The lasing process relies on a pump source (most often another laser), which excites the rare earth ions, which then emit photons to produce a high-quality light for lasing at the desired wavelength, according to Colin Baker, research chemist with the Lab’s Optical Materials and Devices Branch. “But this process has a penalty,” says Baker. “It’s never 100% efficient. What you’re putting in is pump energy, not the high-quality light at the wavelength you want. What’s coming out is a much higher quality of light at the specific wavelength you want, but energy that isn’t converted into laser light is wasted and converted into heat.”
That loss of energy, Baker explains, ultimately limits power scaling and the laser’s quality, which makes efficiency especially important.
With the doping from the nanoparticles, the laser can reach 85% efficiency with a laser that operates at a 2-micron wavelength, which is considered a safer wavelength for eyes than traditional 1-micron lasers. Of course, Baker points out, no laser is really safe when it comes to the human eye.
Colin Baker of the U.S. Naval Research Laboratory holds a silica glass rod (an optical preform) that has been infused with a holmium slurry and will be pulled into a doped optical fiber suitable for producing a more eye-friendly laser. (Courtesy: Jonathan Steffen)
The danger arises from the risk of scattered light being reflected into the eye during a laser’s operation. Scattered light from a 100-kW laser operating at 1 micron can significantly damage the retina and lead to blindness in that eye. With an “eye-safer” laser operated at wavelengths beyond 1.4 micron, however, the danger from scattered light is considerably reduced.
The nano-particle doping also solves several other problems. One is that it shields the rare earth ions from the silica. At 2 microns, silica’s glassy structure reduces the light output from the rare earth ions. The nanoparticle doping also separates the rare-earth ions from each other, which is helpful because packing them closely together can reduce the light output. Traditional lasers that operate at 1 micron using an ytterbium dopant aren’t nearly as affected by these factors, Baker says.
“The solution was some clever chemistry that dissolved holmium in a nano-powder of lutetia or lanthanum oxide or lanthanum fluoride to create a suitable crystal environment for the rare earth ions,” Sanghera says.
The particles of the nano-particle powder, which Sanghera’s team had originally synthesized for a previous project, are typically less than 20 nanometers.
“Additionally, we had to be able to dope nano-powders into the silica fiber in quantities that would be suitable to lasing,” he adds.
To create the doped fiber, the researchers are using a large glass-working lathe in which the glass that will eventually become the fiber is cleaned with fluorine gases, molded with a blowtorch, and infused with the nano-particle mixture, what the scientists call a “nanoparticle slurry.” The result is a rare-earth-ion-doped, one-inch diameter glass rod, or “optical preform.”
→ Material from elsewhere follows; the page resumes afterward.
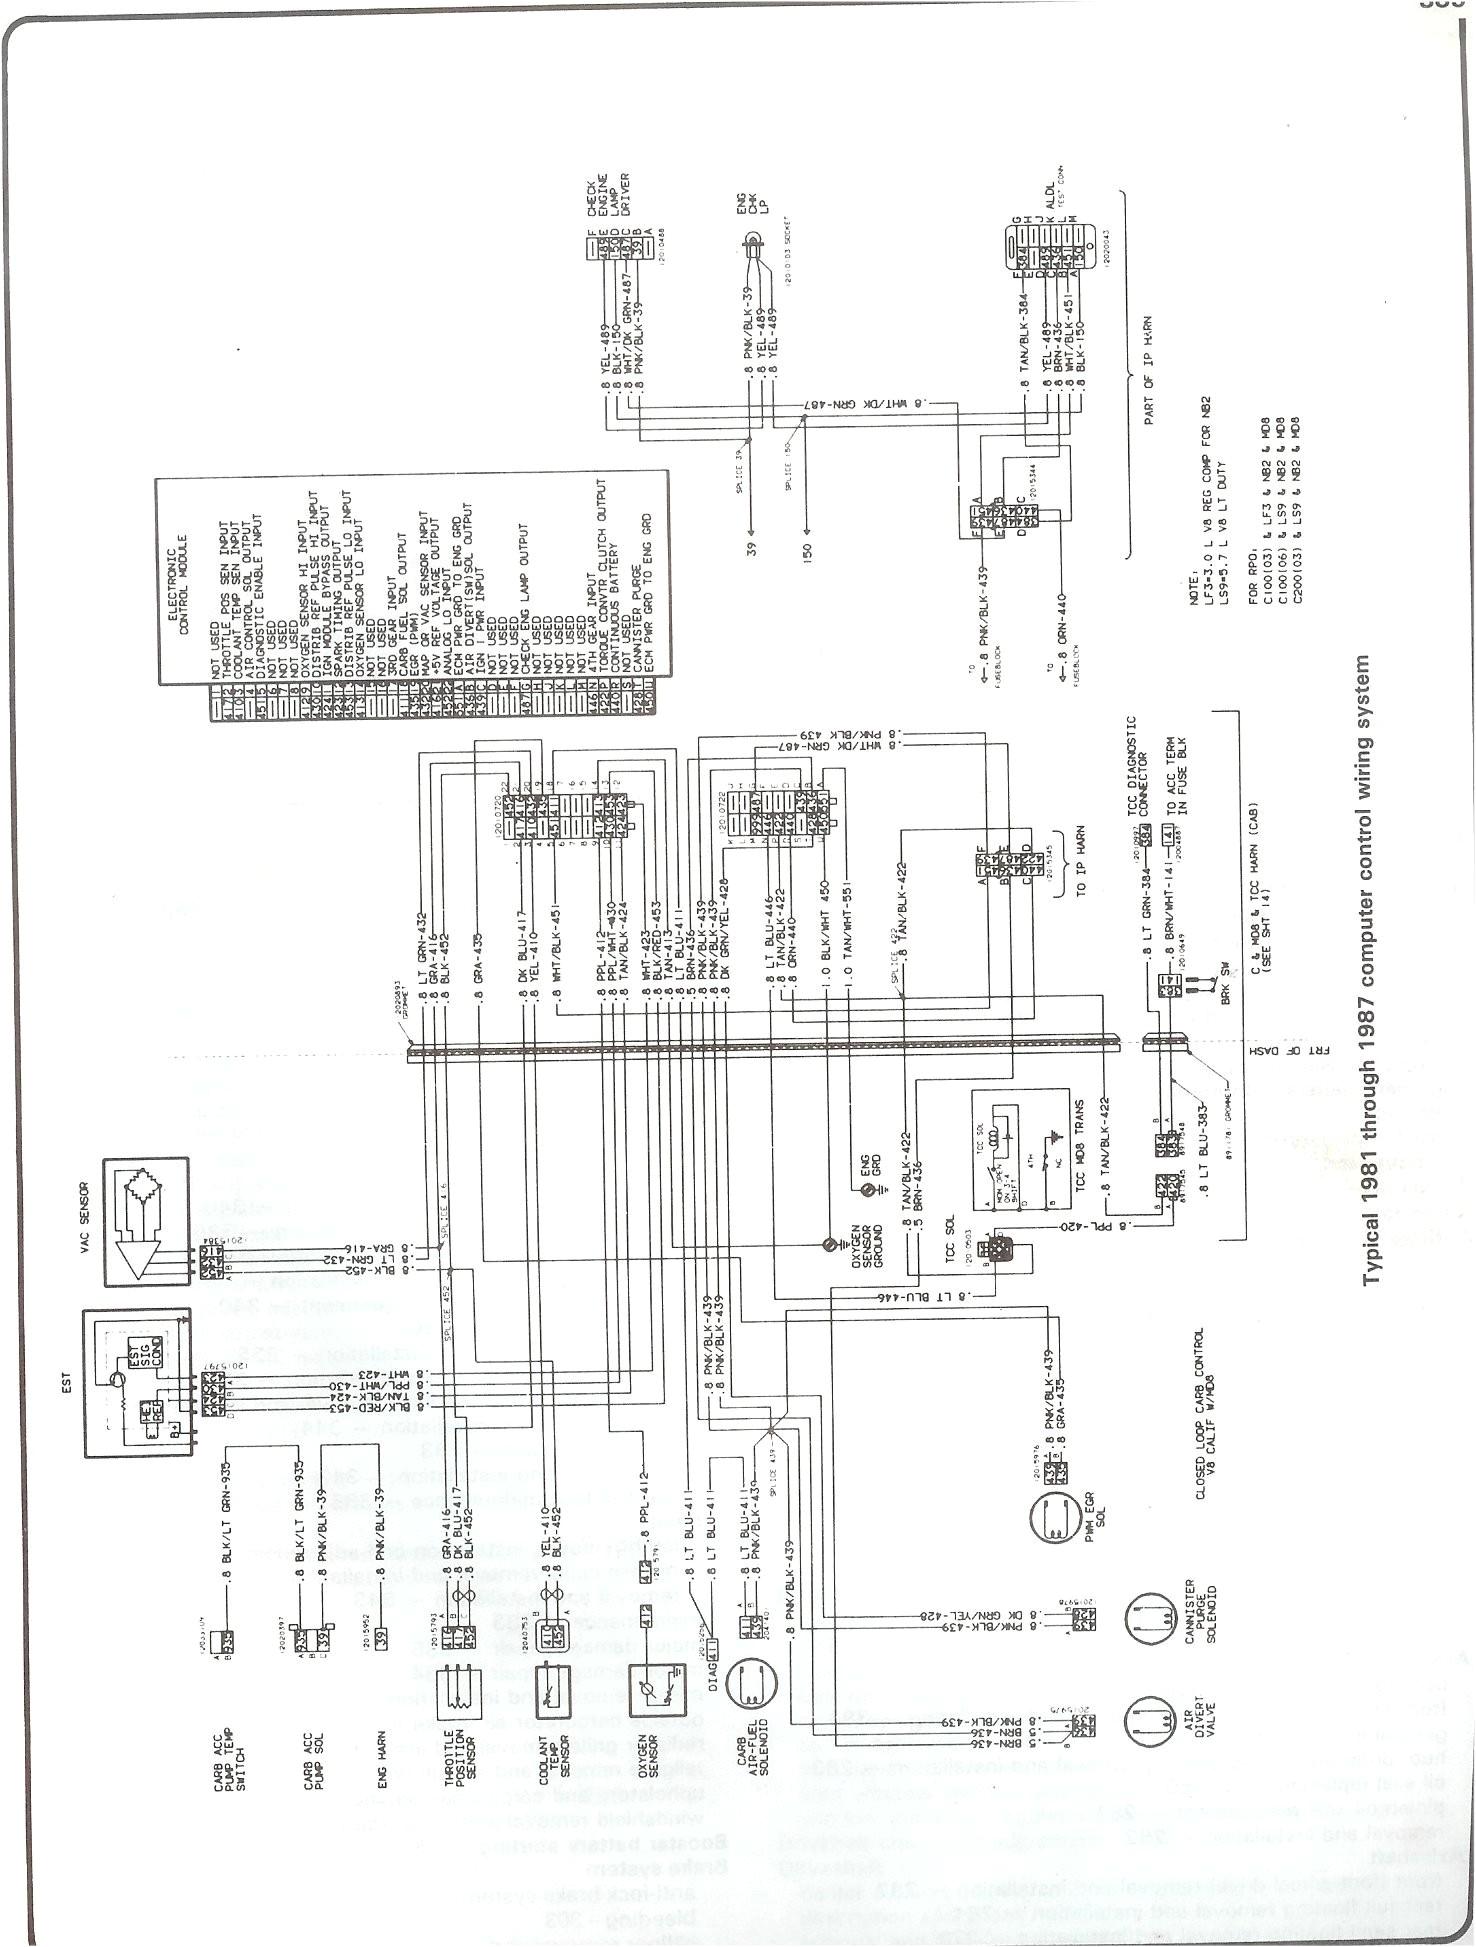 77 gmc wiring wiring diagram mix 77 silverado wiring harness schema diagram database77 silverado wiring harness
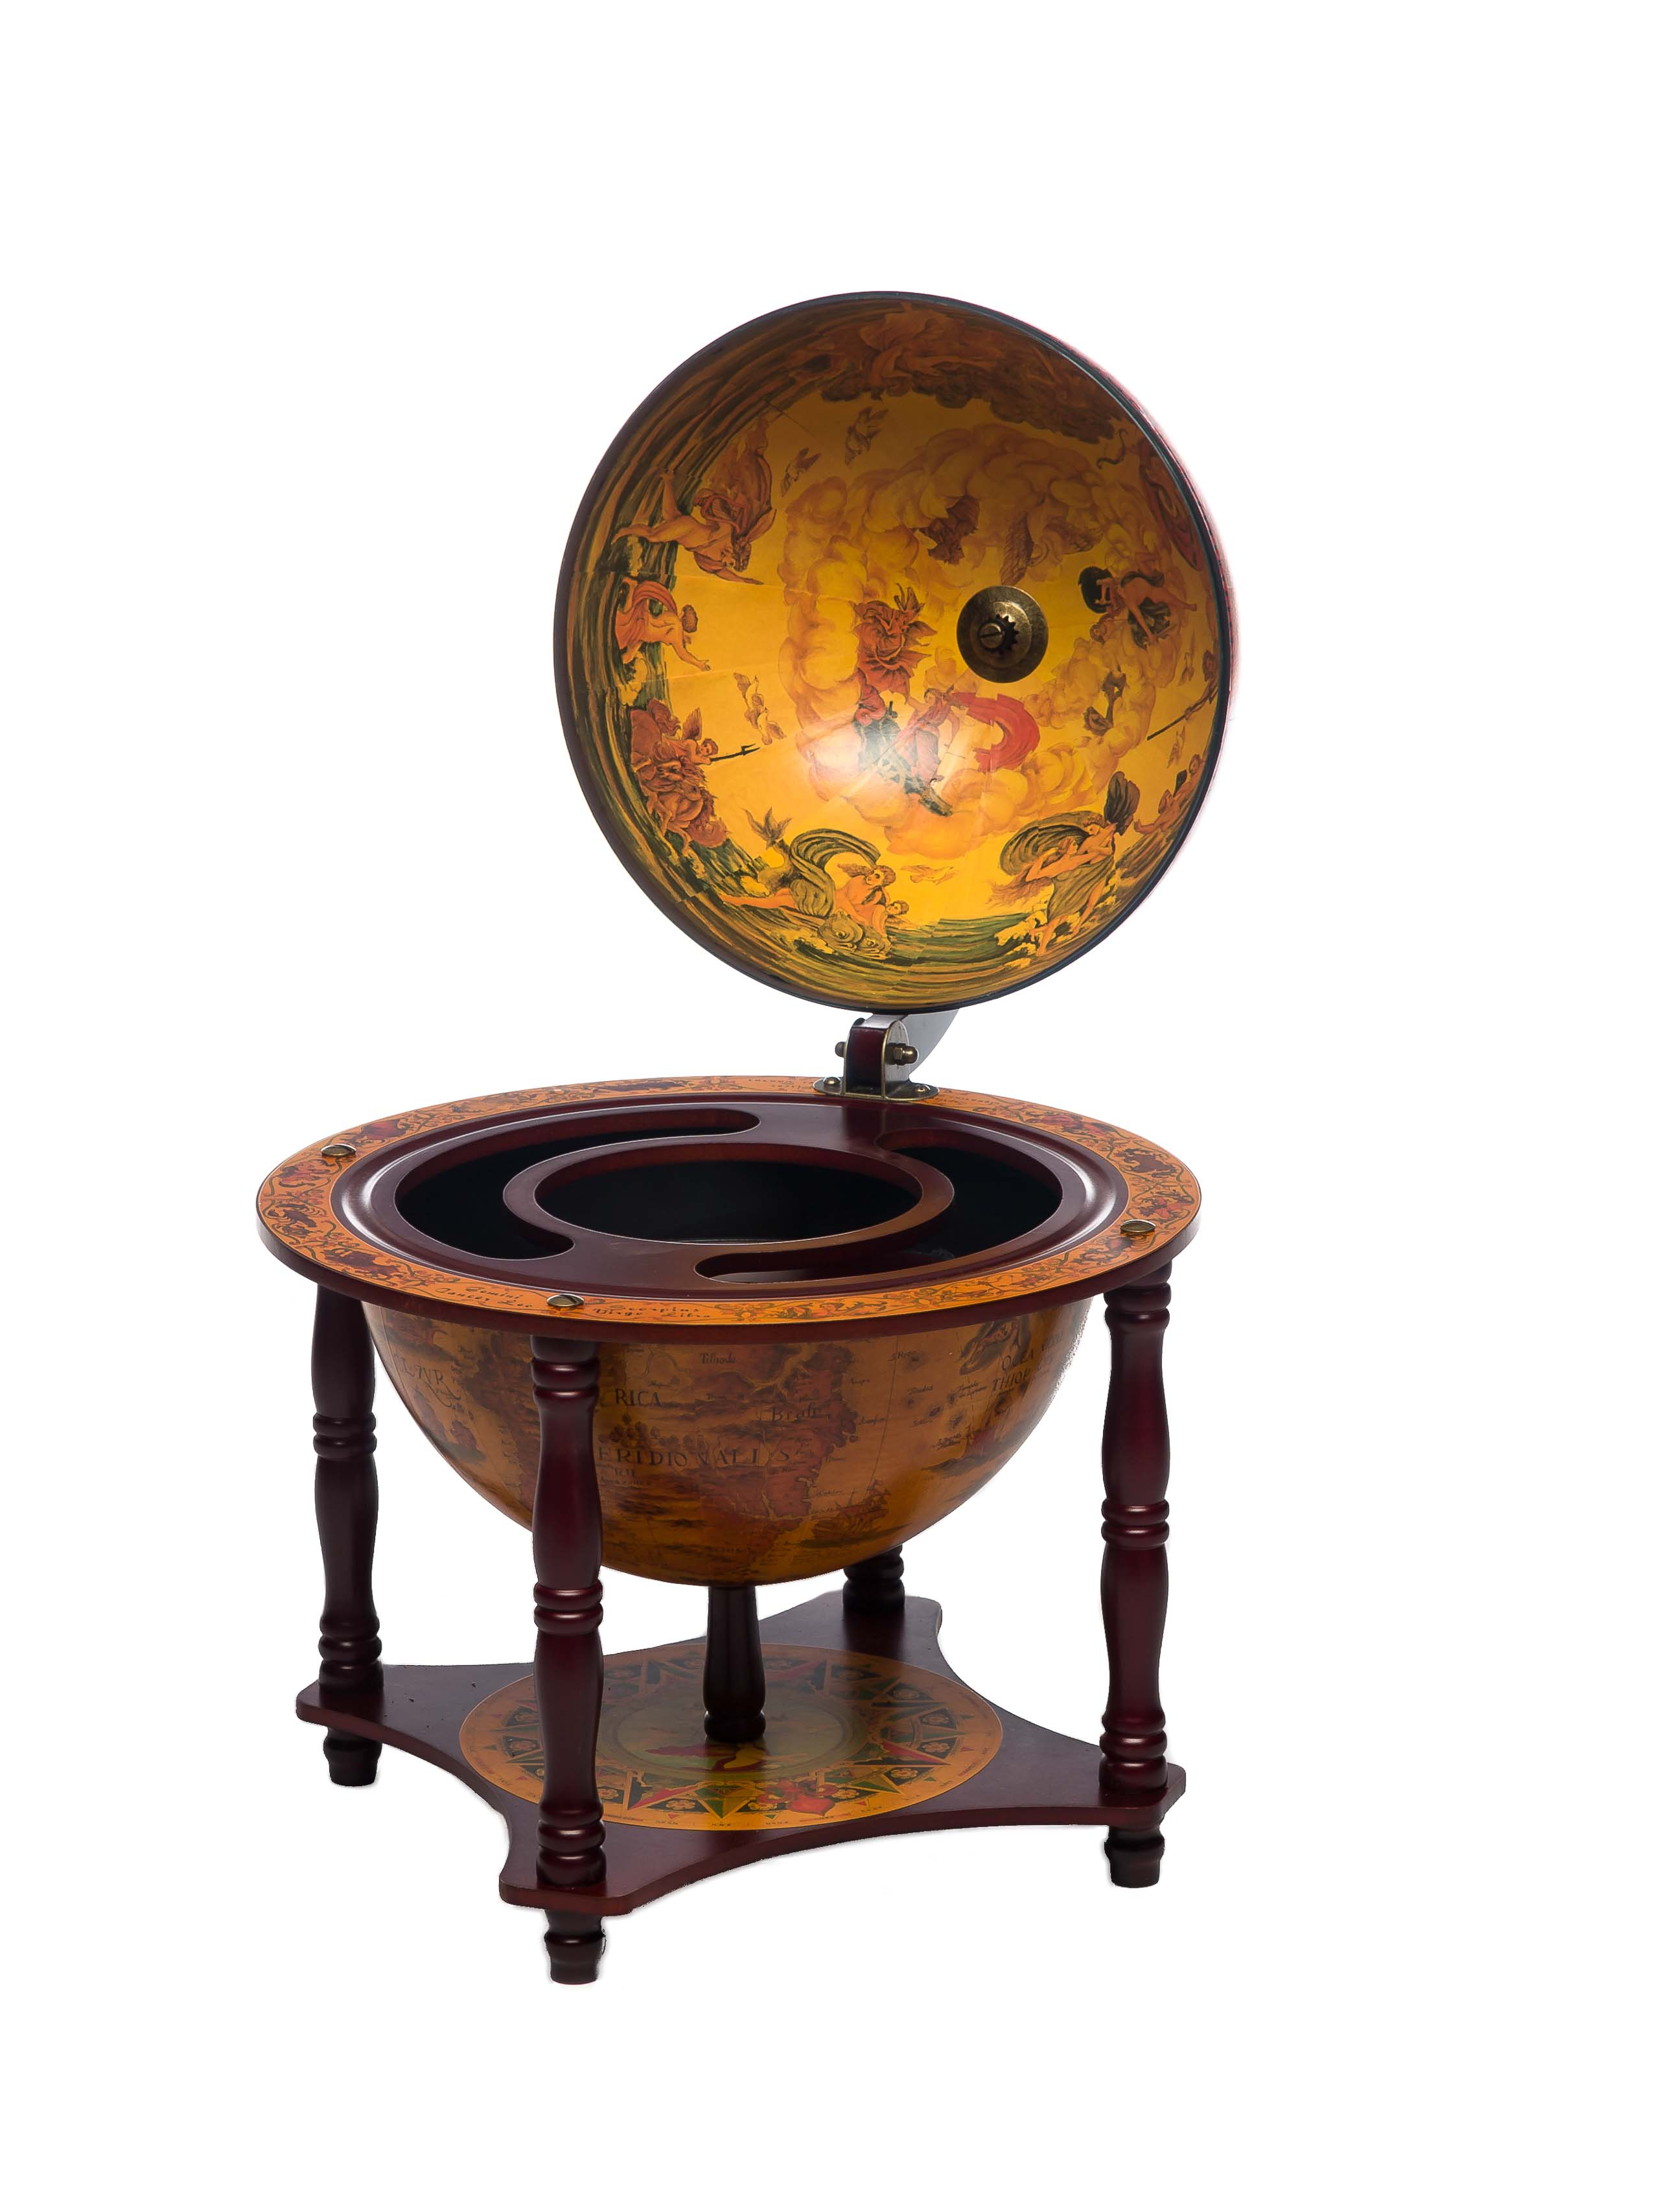 globusbar globus bar hausbar minibar servierwagen weltkugel globe bar aubaho. Black Bedroom Furniture Sets. Home Design Ideas

Next, scientists use a fiber pulling device to soften the preform with a furnace and elongate it in a process akin to pulling taffy. The resulting optical fiber is about as thin as a human hair, which then gets spooled onto a nearby large spindle.
Sanghera’s team has already submitted a patent application for the process. Among the potential applications they envision for the new fiber laser are high-powered lasers and amplifiers for defense, telecommunications, and even welding and laser-cutting.
“From a fundamental perspective, the whole process is commercially viable,” Sanghera said. “It’s a low-cost process to make the powder and incorporate it into the fiber. The process is similar to making telecom fiber.”